### Directions for this task
For this exercise, return all the data word for word, with images left out.

### Provided data
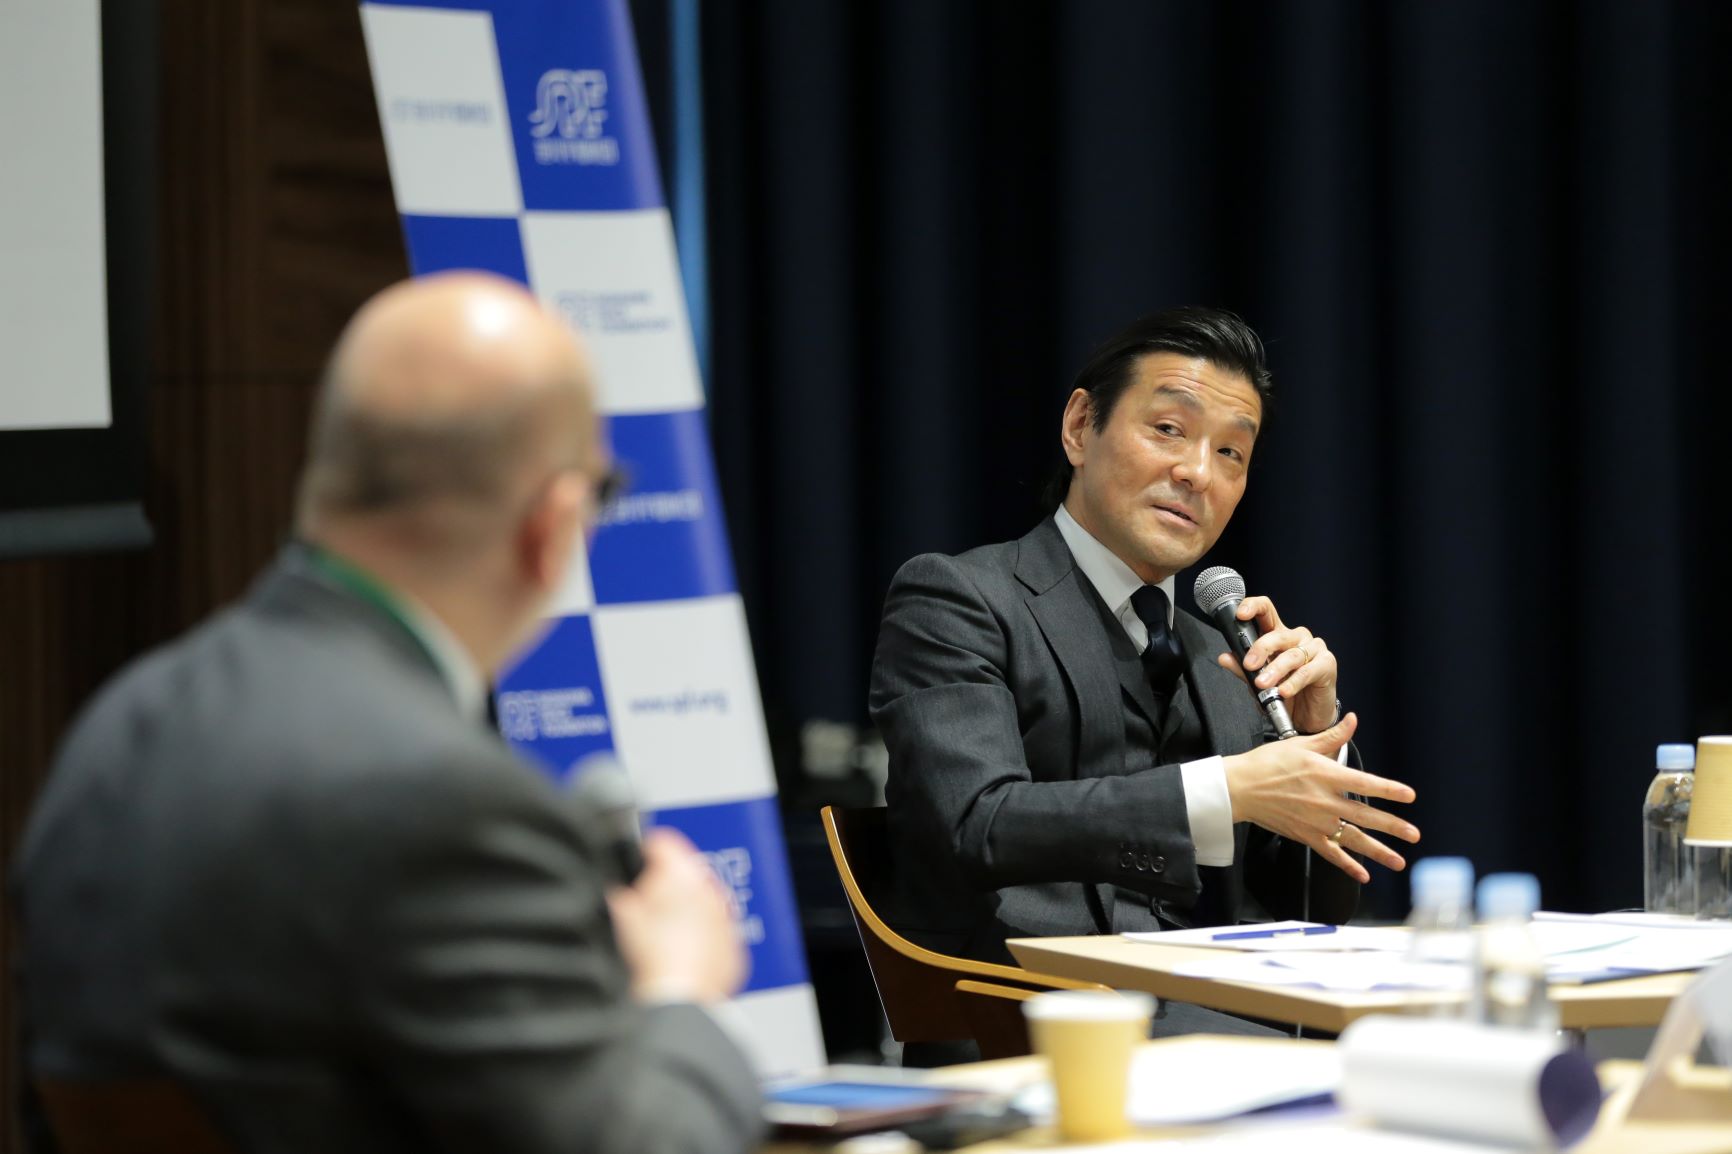 Professor Toshihiro Nakayama from the Graduate School of Media and Governance at Keio University
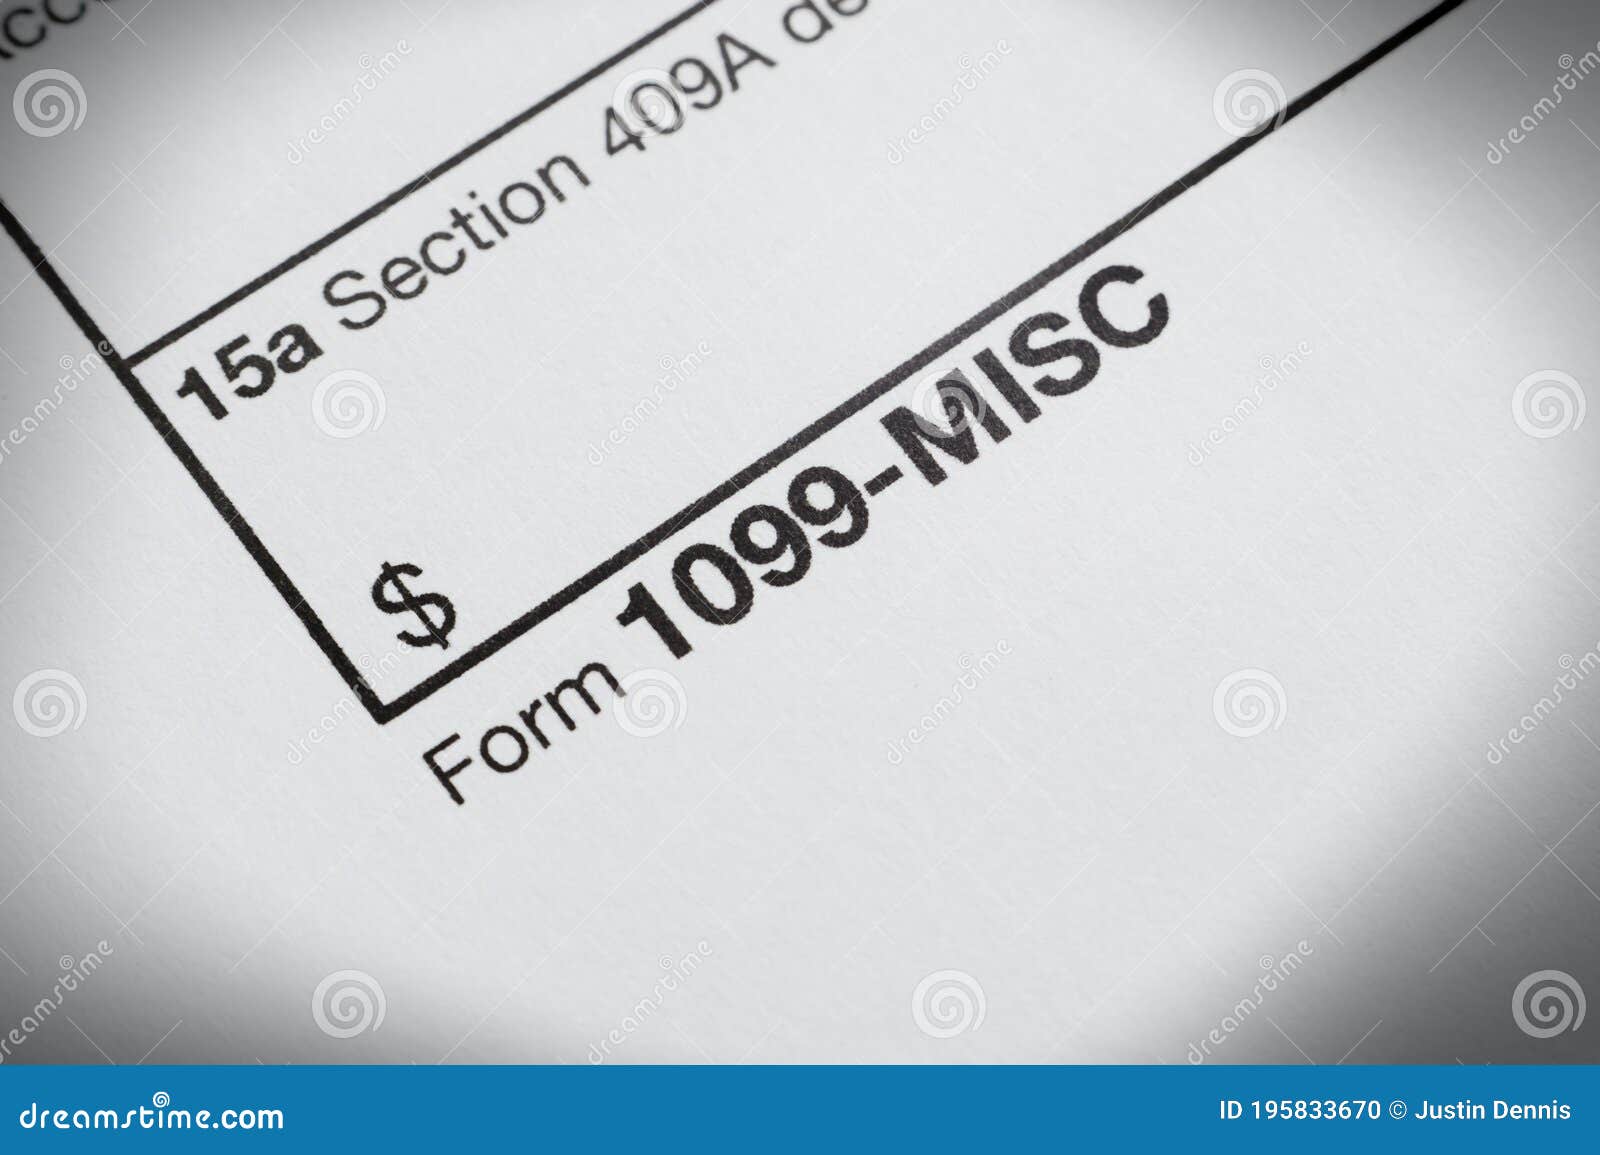 tax 1099 misc form
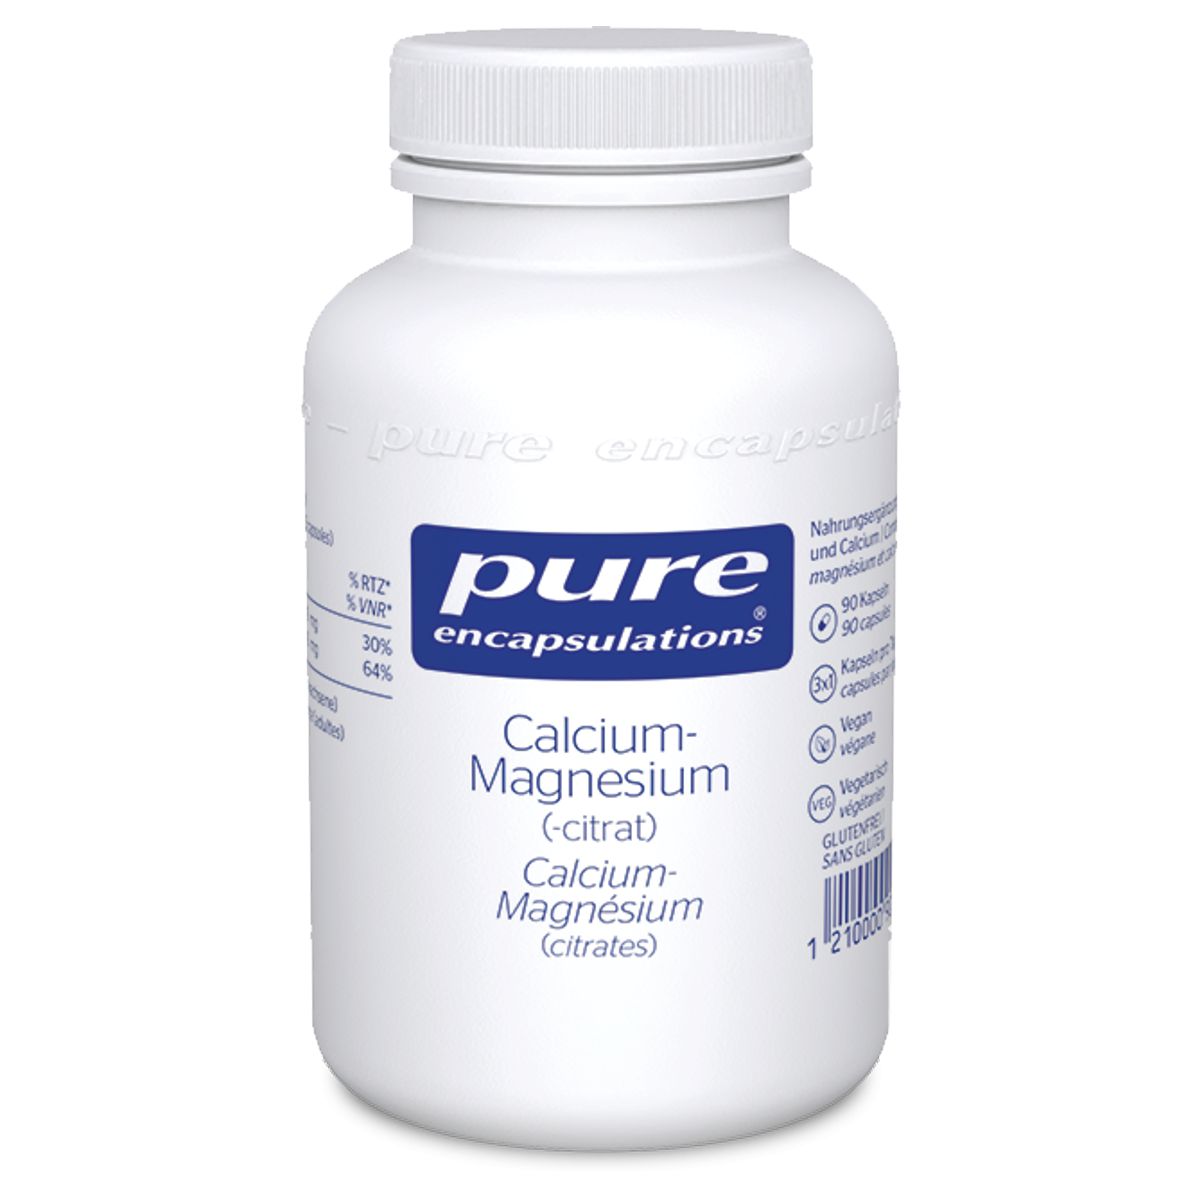 Pure Calcium-Magnesium (citrat) - Gut bioverfügbare Mineralstoff-Kombination

### Result
 Professor Toshihiro Nakayama from the Graduate School of Media and Governance at Keio University
 tax 1099 misc form
 Pure Calcium-Magnesium (citrat) - Gut bioverfügbare Mineralstoff-Kombination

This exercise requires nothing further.